Un jour, nous considèrerons peut-être la pandémie comme une répétition générale, en regard de ce que l’avenir nous aura réservé. Après un an et demi, chacun peut tirer quelques enseignements, en particulier sur sa propre gestion de l’information. Quand l’inquiétude et la confusion reviendront, qui écouter, qui croire ?
Il se passe rarement aussi peu de temps entre les prédictions et leur éclatement au contact de la réalité. Prenons donc un moment pour nous souvenir de toutes ces voix tonitruantes qui se sont élevées, chacune avec sa vérité, sa conviction, son émotion. Mégalomanes, profiteurs ou simples grandes gueules, on leur a trop accordé notre attention et notre crédulité.

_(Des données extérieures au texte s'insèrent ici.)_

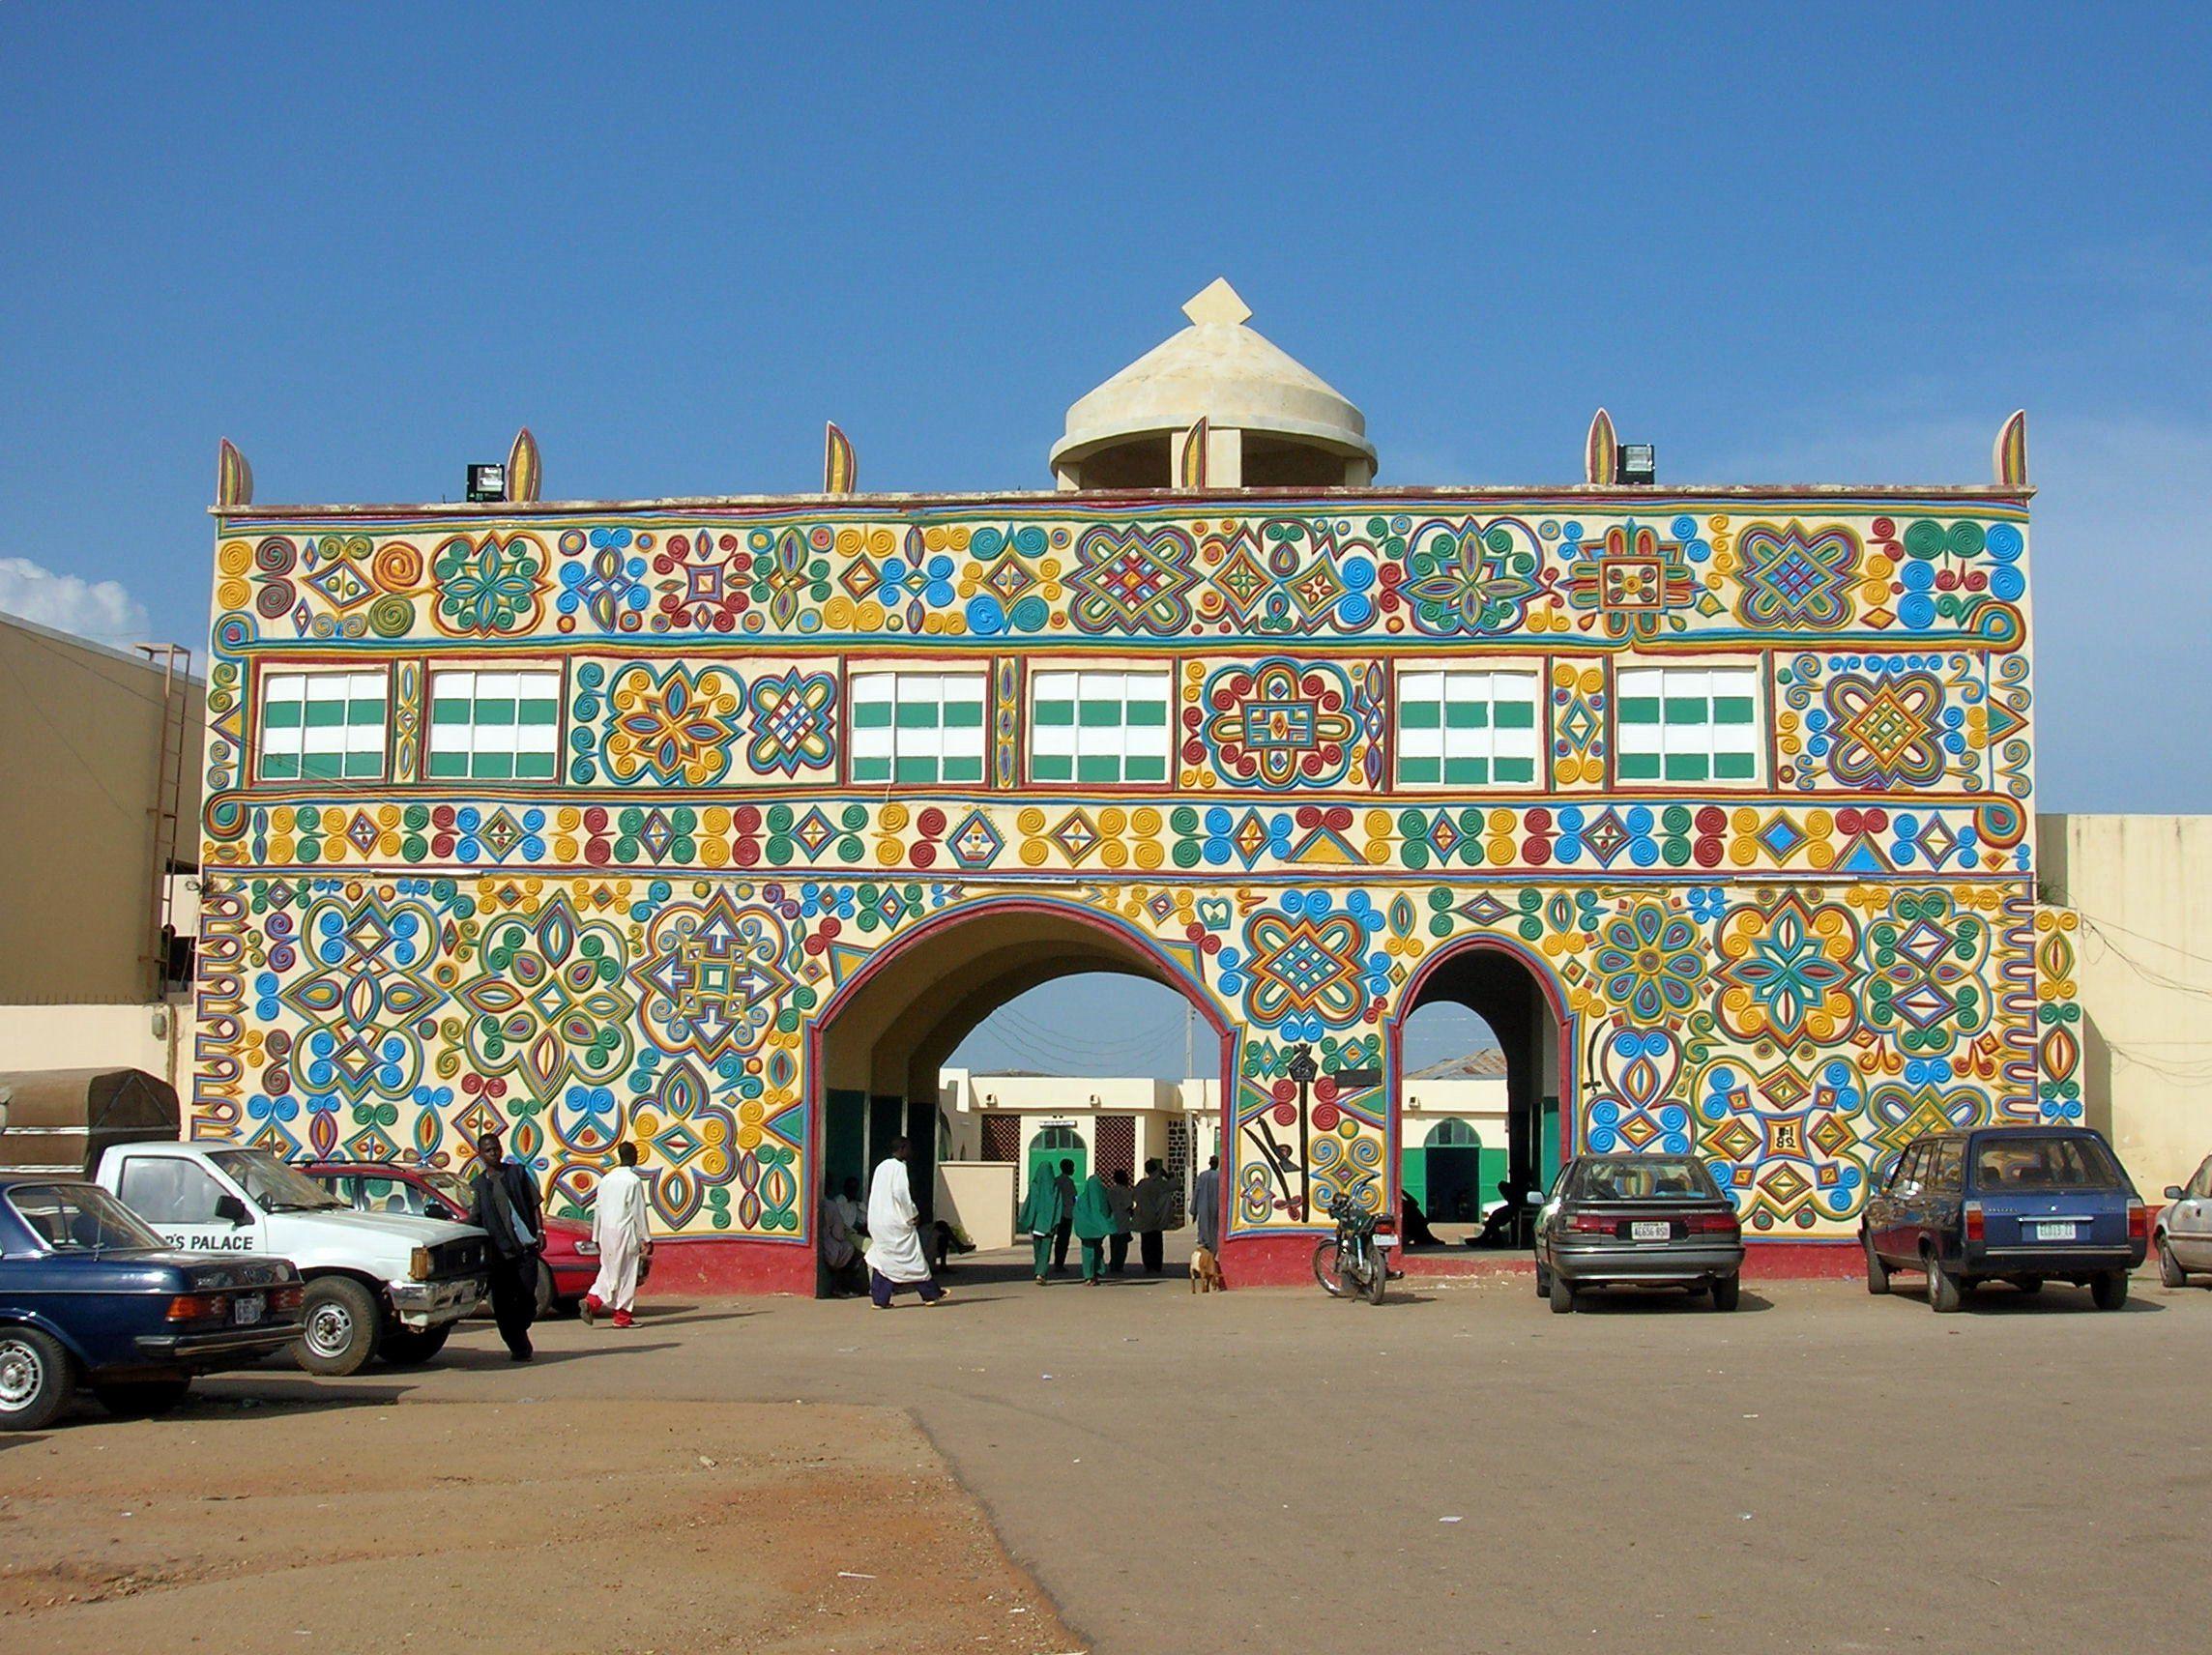 Kanogate gate to the palace of the emir of zazzau zaria a major city in kaduna state in northern nigeria wikipedia the free encyclopedia

- Les futurologues qui, dès le 16 mars 2020, savaient nous dépeindre le « monde d’après » – en général une projection de leurs désirs ou de leurs craintes ;
- Les marchands de rêve qui avaient, on ne saura jamais comment, trouvé LA solution, le traitement miracle ;
- Les prophètes du déni, capables d’affirmer sans ciller devant une caméra que tout ça n’était pas plus grave qu’une grippe ;
- Ceux qui clamaient leur colère ou leur angoisse sur les réseaux sociaux, et accusaient sans preuves les boucs émissaires du moment.
Quand on arrive en pays étranger, on conseille souvent de ne pas se fier à ceux qui viennent vers vous en clamant « Taxi! ». Ces braves gens veulent juste vous intercepter et vous embarquer dans leur voiture de maraude aux tarifs « maison », avant que vous ne trouviez les vrais taxis, qui attendent plus loin en file. Le même conseil pourrait s’appliquer à l’information et aux opinions ; ceux qui tiennent le plus à les partager n’ont pas forcément les meilleures intentions.
Souvenons-nous aussi de ces idées bien arrêtées que nous avons parfois adoptées dans les premiers temps de la pandémie, fondées sur un ressenti ou un message qui semblait convaincant.
Tant d’affirmations, et si peu d’informations.
Dans 1, 5 ou 20 ans, une autre crise viendra sans doute, aussi dure ou pire. J’aimerais croire que nous aurons appris, au moins un peu, à ne pas écouter les charlatans, ceux qui propagent leur propre aveuglement, ou qui cherchent juste à nourrir leur ego. À moins écouter la voix de nos propres inquiétudes, aussi.
Mais pour cela, il faudra déjà surmonter notre besoin de convictions, dans des situations qui seront définies par l’incertitude.